After successfully “pitching” his project to management, Angus MacDonald has started to collect the data needed to build his model. Angus first order of business is to collect data on shipping times for steel shipment between Nanticoke, ON and Halifax, NS. To estimate this time, Angus has obtained transit times from two shipping firms (A & B) that currently ship oil between refineries in Nanticoke and Dartmouth, NS. (Dartmouth is located across the harbor from Halifax). Each firm reported its shipping time in days for its last 10 deliveries:

A B

10 8
8 9
10 7
2 18
11 8
8 12
6 4
11 5
11 6
9 11

a. Assuming transit times between the two ports to be normally distributed, determine if the 4th data entry for Firm A (2 days) can be considered to be an anomaly.

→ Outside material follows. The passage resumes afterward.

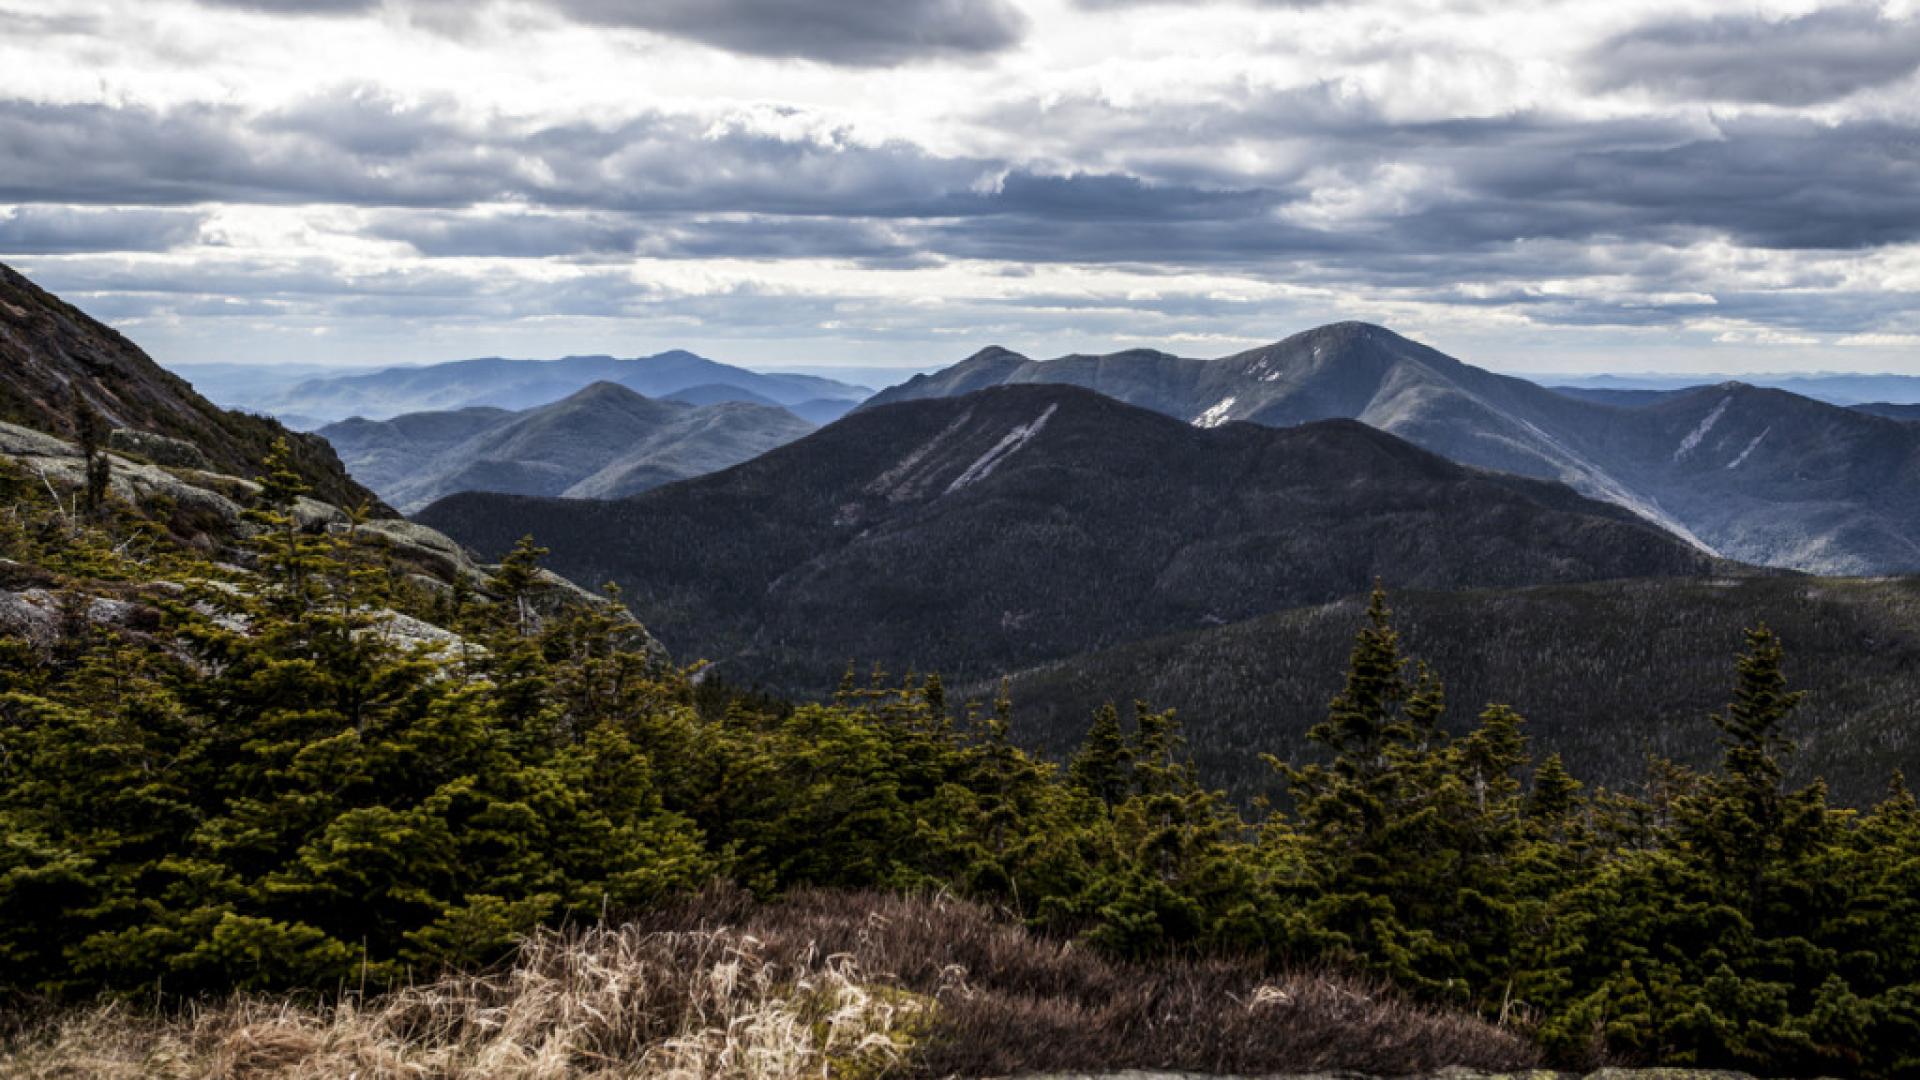 Adirondack High Peaks Wilderness Area

b. Considering only shipping Firm B, how many data samples will Angus need to collect to ensure that he can obtain an estimates for transit time that is within ±1 day 19 times out of 20?

c. Based on the results from this pilot study, which of the two firms should be selected as to deliver steel to Halifax? State any assumption that you make and justify your results.

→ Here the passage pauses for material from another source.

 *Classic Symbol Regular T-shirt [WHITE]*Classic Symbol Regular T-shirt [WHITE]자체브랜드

d. Assume Angus collect 100 data points from Firm B only and obtains the following histogram:

Shipping Time

Count

0 – 4.999

10

5 – 9.999

40

10 – 14.999

30

15 – 19.999

8
20+ 12

Angus hypothesizes that the data comes from a Normal (8, 4) distribution. Apply an appropriate statistical test to determine if Angus assumption is correct.

e. Comment on Angus assumption that the transit time data is normally distributed. Strictly considering what the data represents (transit times), why might we be surprised if the data is normally distributed? Again, based only on what the data represents, what other input distributions should be considered for this data? Finally, if the data was shown not to be normally distributed, why might a t-test be inappropriate for comparing the transit times for Firm A and Firm B? If a t-test is not appropriate, what statistical test (or tests) could or should we apply? Please note, there are no calculations required to complete this question.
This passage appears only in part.